Today I asked lab monkey 45-X how he felt about his recent chess
victory against Dr. Baker. He responded by biting my kneecap. (The
monkey did, I mean.) I
think this could lead to a communications breakthrough. As well as
painful swelling, which is unfortunate.

Oct 27, 2002 22:56:11

On a tangential note, Dr. Xing's research of purple versus green monkey
trans-sociopolitical impact seems to be stalled, having gained no
ground for several weeks. Today she learned that her lab assistant
never mentioned on his job application that he was colorblind. Oh well.

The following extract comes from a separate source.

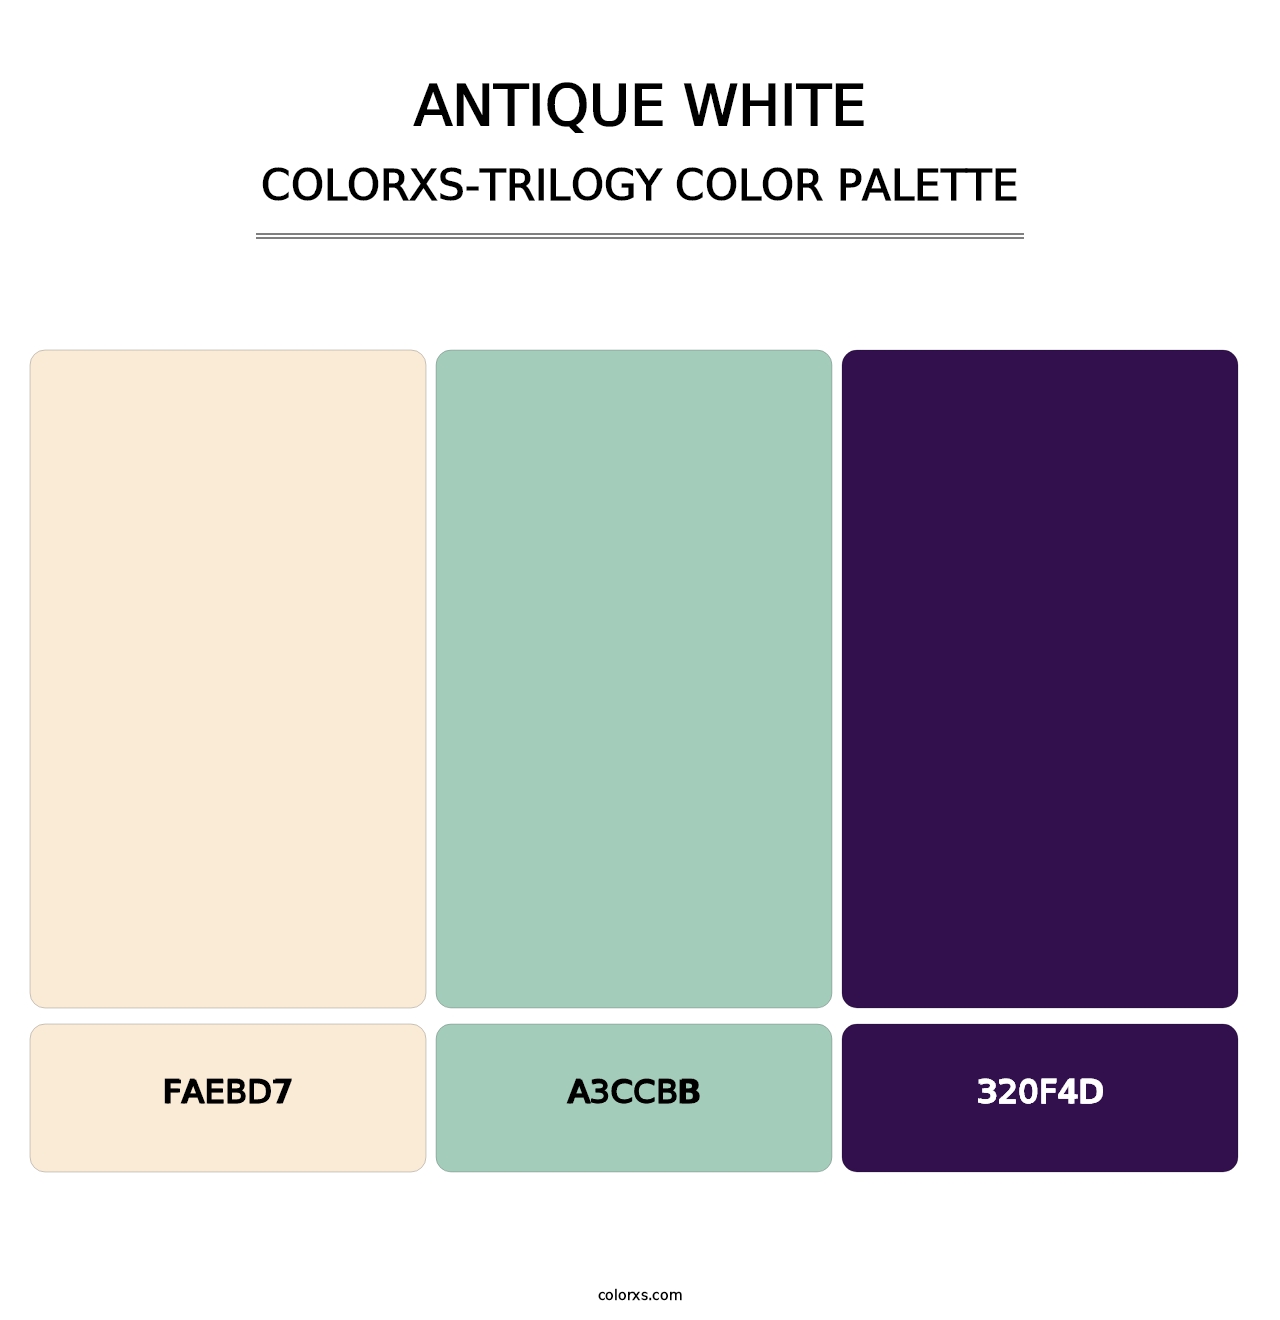 Antique White - Colorxs Trilogy Palette
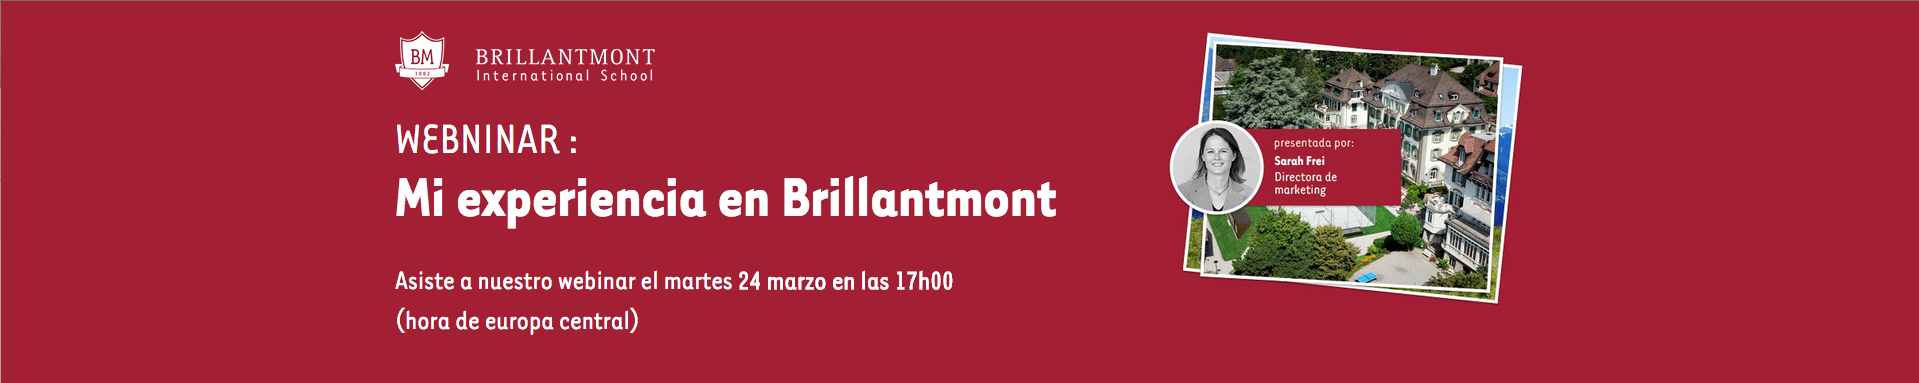 Brillantmont escuela internacional

Here it is again, as an RSS v1.0 document:

<?xml version="1.0" encoding="UTF-8"?>

<rdf:RDF
 xmlns:rdf="http://www.w3.org/1999/02/22-rdf-syntax-ns#"
 xmlns="http://purl.org/rss/1.0/"
 xmlns:dc="http://purl.org/dc/elements/1.1/"
 xmlns:taxo="http://purl.org/rss/1.0/modules/taxonomy/"
 xmlns:syn="http://purl.org/rss/1.0/modules/syndication/"
>

<channel rdf:about="http://www.jmac.org/linklog/">
<title>Link's Log</title>
<link>http://www.jmac.org/linklog/</link>
<description>Dr. Lance Link's online research journal</description>
<dc:language>en-us</dc:language>
<dc:rights>Copright 2002 by Dr. Lance Link</dc:rights>
<dc:date>2002-10-27T23:59:15+05:00</dc:date>
<dc:publisher>llink@jmac.org</dc:publisher>
<dc:creator>llink@jmac.org</dc:creator>
<dc:subject>llink</dc:subject>
<syn:updatePeriod>daily</syn:updatePeriod>
<syn:updateFrequency>1</syn:updateFrequency>
<syn:updateBase>2002-03-03T00:00:00+05:00</syn:updateBase>
<items>
 <rdf:Seq>
  <rdf:li rdf:resource="http://www.jmac.org/linklog?2002-10-27#22:56:11" />
  <rdf:li rdf:resource="http://www.jmac.org/linklog?2002-10-18#19:07:06" />
 </rdf:Seq>
</items>
</channel>

<item rdf:about="http://www.jmac.org/linklog?2002-10-27#22:56:11">
<title>2002-10-27 22:56:11</title>
<link>http://www.jmac.org/linklog?2002-10-27#22:56:11</link>
<description>
Today I asked lab monkey 45-X how he felt about his recent chess
victory against Dr. Baker. He responded by biting my kneecap. (The
monkey did, I mean.) I
think this could lead to a communications breakthrough. As well as
painful swelling, which is unfortunate.
</description>
</item>

<item rdf:about="http://www.jmac.org/linklog?2002-10-18#19:07:06">
<title>2002-10-18 19:07:06</title>
<link>http://www.jmac.org/linklog?2002-10-18#19:07:06</link>
<description>
On a tangential note, Dr. Xing's research of purple versus green monkey
trans-sociopolitical impact seems to be stalled, having gained no
ground for several weeks. Today she learned that her lab assistant
never mentioned on his job application that he was colorblind. Oh well.
</description>
</item>

</rdf:RDF>

Note RSS 1.0's use of various metadata-enabling namespaces before it gets into the meat of laying out the actual content.[30] The curious may wish to point their web browsers at the URIs with which they identify themselves, since they are good little namespaces who put their documentation where their mouth is. ("dc" is the Dublin Core, a standard set of elements for describing a document's source. "syn" points to a syndication namespace -- itself a sub-project by the RSS people -- holding a handful of elements that state how often a source refreshes itself with new content.) Then the whole document is wrapped up in an RDF element.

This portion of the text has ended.